Scholarship

Some suggest that the best way to live a human life is to do worthwhile things well.  What is worthwhile is up to the individual.

I will not attempt to sugarcoat my thought processes.  Throughout my academic career, certainly throughout most of my K-12 education, I did well mostly because I could and the praise I received had become integral to my identity.  I had no notion to question the constructs under which I was performing, and the praise and high marks I received sadly became my motivators to do well.  However, by late middle school and early high school, cracks had began to form in my academic scheme.  Starting in the eighth and ninth grade, I began to suffer from depression atop an adolescent angst that had turned my social anxiety from a non-problem into a source of distress.  After years of straight As, I got my first B in the eighth grade, and two more in the ninth grade.  In fact, two of my interim grades each year were Cs.  From this upset, I underwent some crises.  I would not get upset with my parents when they were upset at me for not doing well, but developed a neurotic aversion to praise from them and other adults.  There are numerous occasions I yelled and screamed at my parents when they commented on something I was doing well but was insecure about.  (In retrospect, the illogic of this astounds me and I regret my behavior.)  I even developed a distrust of those who I was not close with yet think highly of me, something I still have not totally shed.  Upon entering into the eleventh grade, I began attending the Governor’s School of Southside Virginia, a magnet school with a stressful environment. By Governor’s School, I was most motivated by a sort of practical existential anxiety.  I had developed a want for independence and financial security, and to me the most obvious path was to do well in my academics so that I might further my education and earn valuable degrees to get a good job.  Having fallen from grace before, I accepted Bs where I might have gotten As, having put in insufficient work to achieve the highest marks I might have gotten.  I to this day cannot say whether or not my poorer performance was due to my mental health issues, which are most insidious in that they affect your perception, or due to bad habits and laziness; most likely, it is a combination of both.  Still, I aimed as high as I felt I could, because I knew it would pay off.
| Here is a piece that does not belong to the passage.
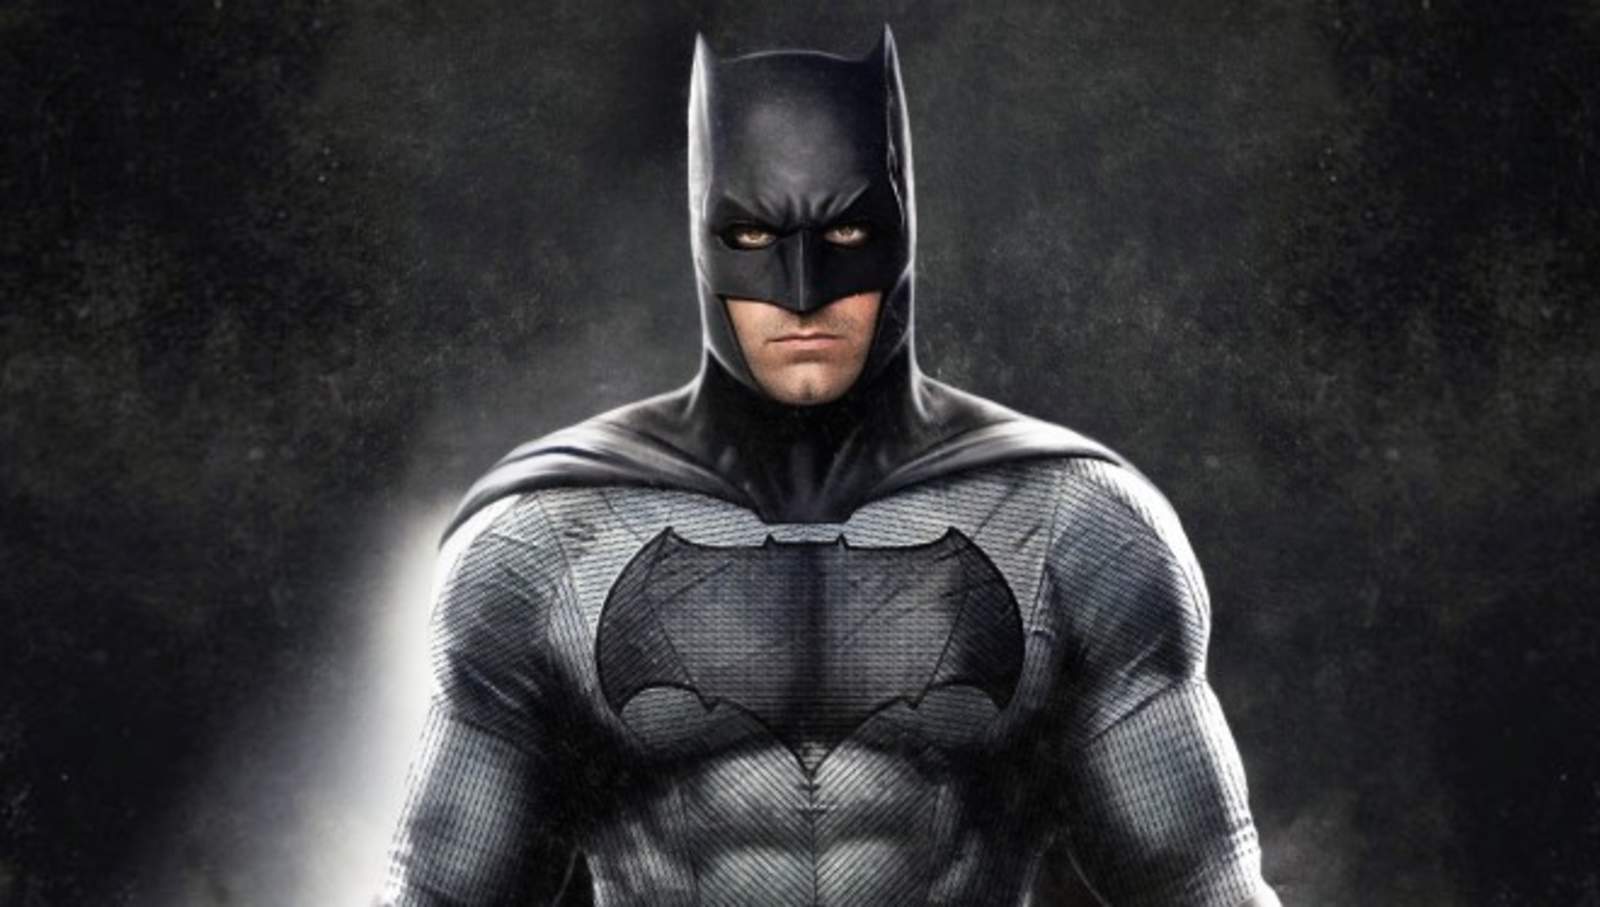 La verosimilitud de Batman puede deberse, tal y como han apuntado muchos a lo largo de la historia, a que es un superhéroe sin superpoderes. (ESPECIAL)
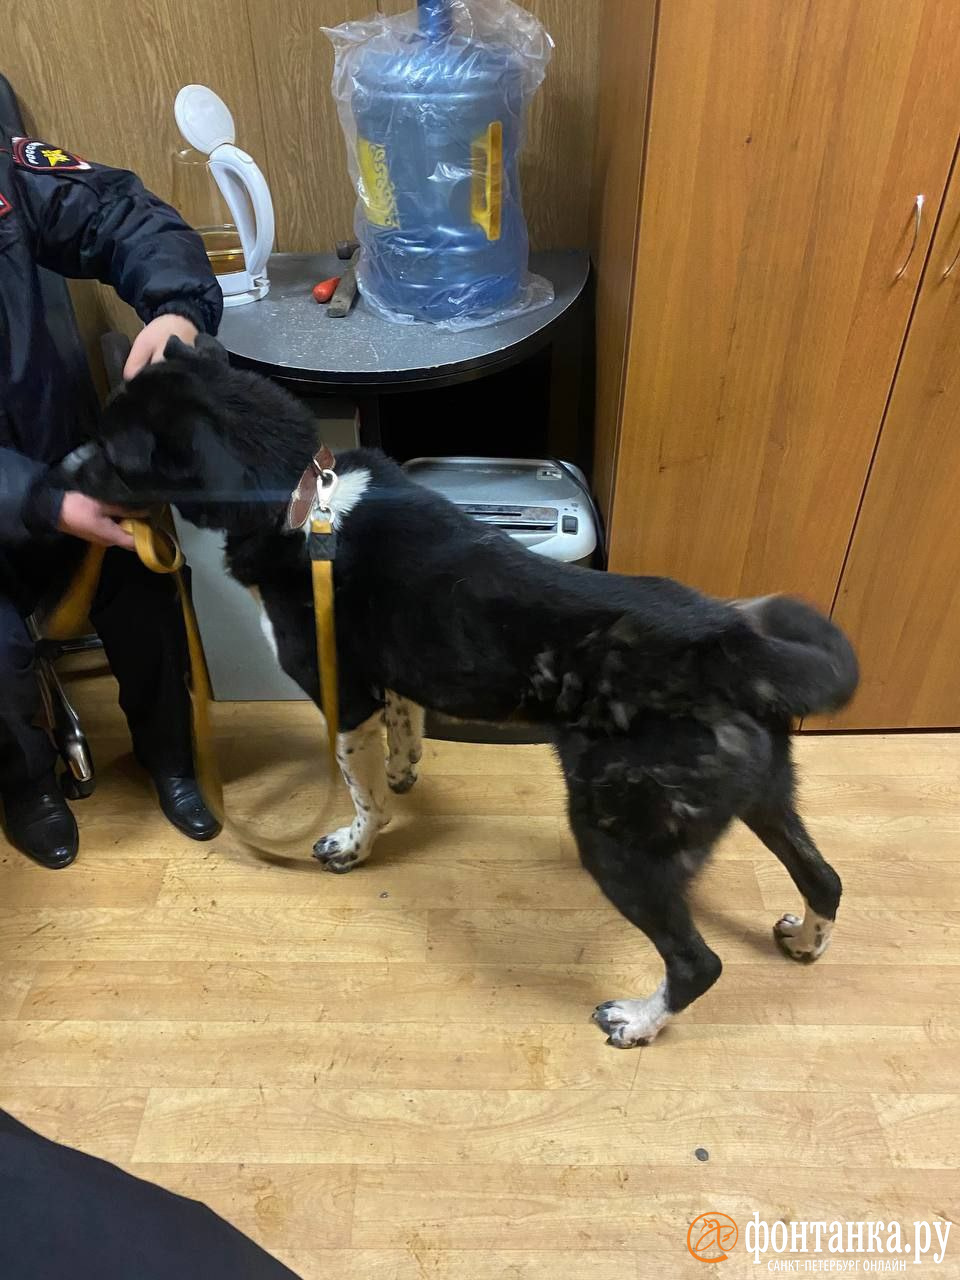 Активисты рассказали, что забрали «метрополитеновского» пса у нового хозяина. Он якобы не кормил собаку несколько дней

My motivation to do well academically for its own sake is all but gone.  Anxiety for the future is still an important motivator for me to do well, but I have grown to value my own education and personal development more.  Playing the game and getting high marks is an arguably unfortunate concession I must make to keep my funding and my standing at Longwood, though one I am quite willing to make.  Constructs such as “doing well” in school are not inherently bad; it is often useful to recognize them for what they are, but rebelling against them because you “see through them” is immature.  I am a physics major, and my major classes are important to my future career.  It is hard to derive profound insights about the meaning of life from how much energy a bullet imparts on a block of wood, or the optical properties of a lens.  However, some of the things I am learning along the way and in other classes are helping me mold myself into the person I want to be.  Despite my overly pragmatic view into academics, there are merit and non-career-related opportunities afforded to those who do well, which I enjoy because of my grades.  Doing well in my classes is a small price to pay for taking honors courses, for instance, and for standing out from the pack when it is important.  There are different paths for everyone, but the path of excelling academically is working for me.